The exhibition displays many forms of art, from sculpture, like "My Heart Belongs to Rosy" by Niki de Saint Phalle, to soft-sculpture, which Sach's essay credits women with the invention of, to woven carpets, three-dimensional paintings, neon lights, and more. The variance of media in the exhibition exposes the obsession with material in this time period, but also the widespread inspiration of women to reflect this era using different forms of art.
("The Men of Pop tried to remove substance, submerging themselves in manufactured, slick surfaces, whereas the women tended to retain the facture of the handcrafted object,"  Sid Sachs said in the accompanying essay for the exhibition.)
The title "Seductive Subversion" refers to the advertising ploys, the movie stars, and the way this mentality shaped roles during this time period.
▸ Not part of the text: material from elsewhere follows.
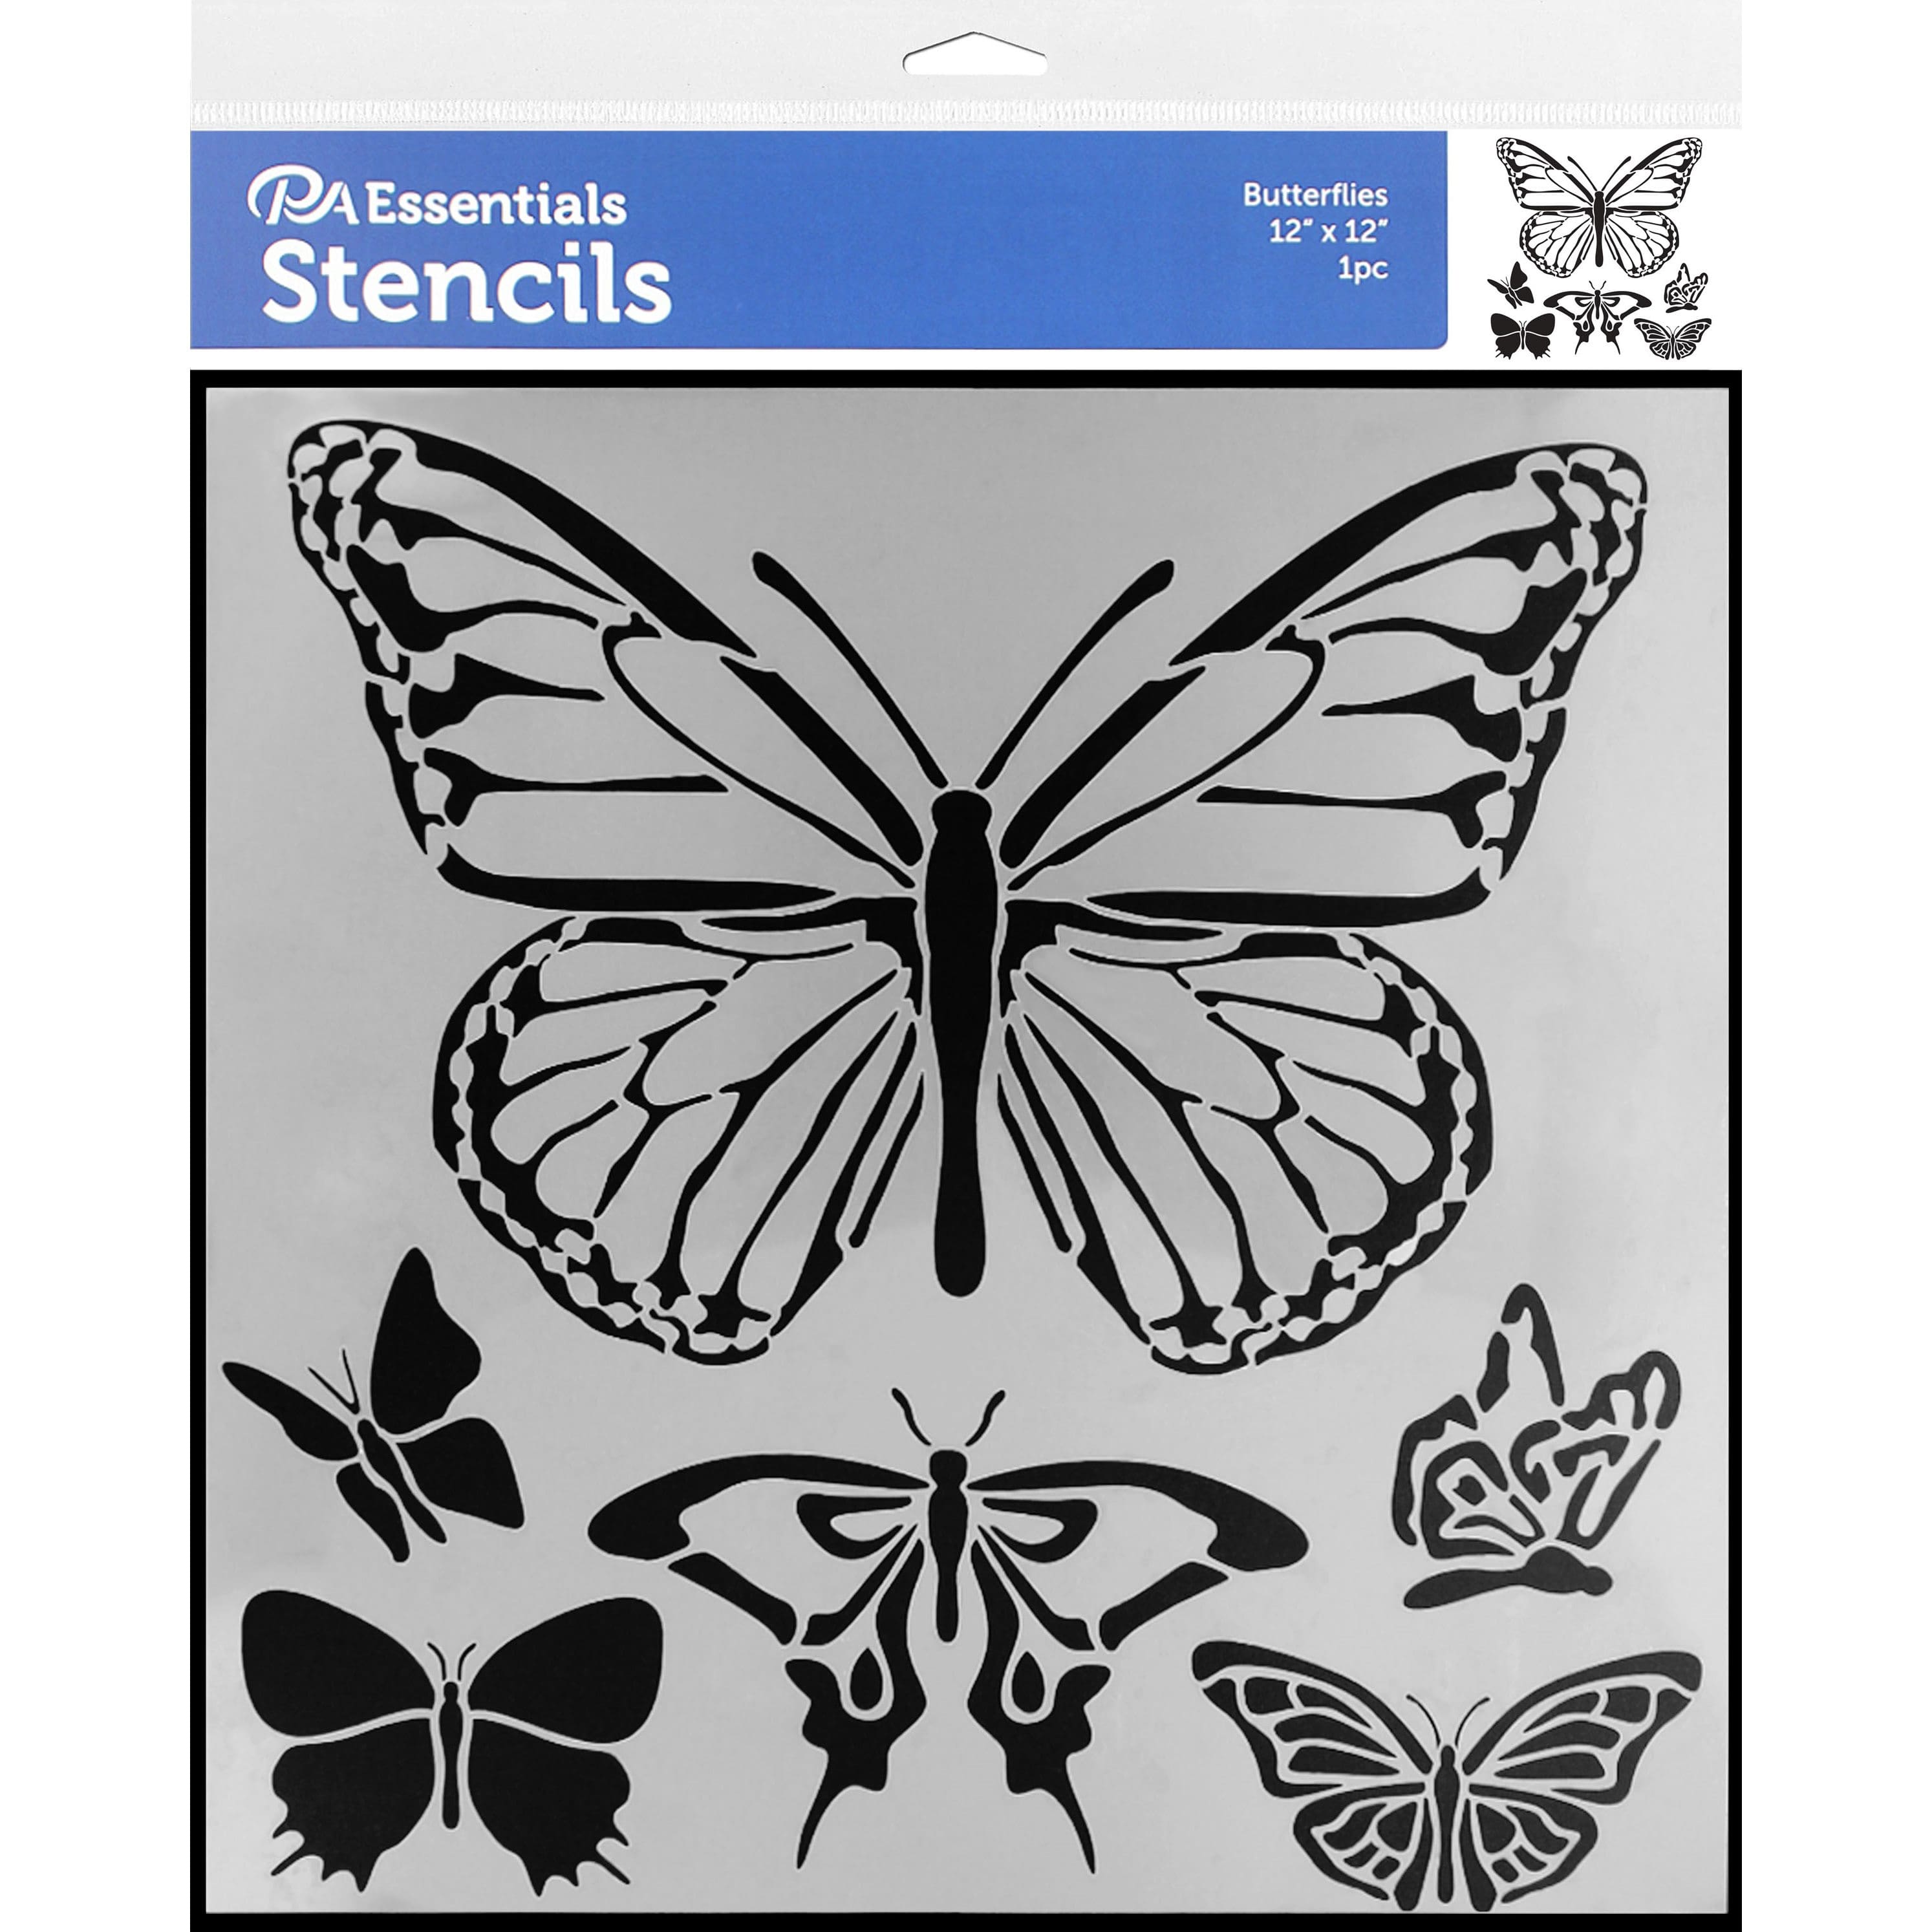 PA Essentials Butterflies Stencil, 12 x 12

But that women are redirecting the messages, revealing them to be empty promises tied to commercialism.
"Especially in the fifties and during this whole pop era, the female as the object was loud and clear," Kennedy said. "So what comes across in this collection is that the women are putting it back to us… For example, the whole consumerism ploy of that pop era encouraged marriage, because of course if you got married then you bought a home, and if you bought a home then you bought appliances. Women were encouraged to buy, that you've got to have these certain appliances to have the proper home."
This can be seen in Idelle Weber's portrayal of marriage, with a detachment felt through the silhouetted figures, the same sarcasm spin on society as in her work "Munchkins I, II & III" where the men become anonymous, seemingly-soulless robots of business and society.
"Seductive Subversion" is a rare glimpse, a 40-year old time capsule, into the reactions of women to the superficiality and limited roles they were experiencing.
"Male artists were addressing that whole idea of advertisement, but in a very sort of detached way and they could get away with it," Kennedy said. "They could also address women in the house, that whole domestic idea, where for women it was really difficult to counter that at the time or even to address it because they were right in the middle of it."
Women as objects is a focus of the gallery, especially evidenced through the hyper-sexualized "Green Triptych" by Marjorie Strider, 1963, where the woman's breasts and butt physically extend from the painting. Strider's work makes her point clear, women were (and still are) used as objects to sell products through sex appeal.
The exhibition is a bright and colorful exploration of the female perspective. The pieces are fun to look at, but meaningful as well, because they represent a transition period for women, bridging the gap between prescribed behavior and self-identity and freedom.
Several events will introduce the exhibition while it is in Lincoln, including a lecture from Sid Sachs on Tuesday, September 14 at 5:30 p.m. in the Sheldon Museum's Edith S. Abbott Auditorium.
University of Nebraska-Lincoln's  Christin Mamiya, Associate Dean, Hixson-Lied Fine & Performing Arts, will give a lecture in the Ethel S. Abbott auditorium at the Sheldon Museum of Art on Tuesday, August 31 at 5:30 p.m. Mamiya authored the book, "Pop Art and Consumer Culture: American Supermarket" in 1992, and the title of her talk for the exhibition is "A Woman's Work is Never Done: Pop Art and the Home."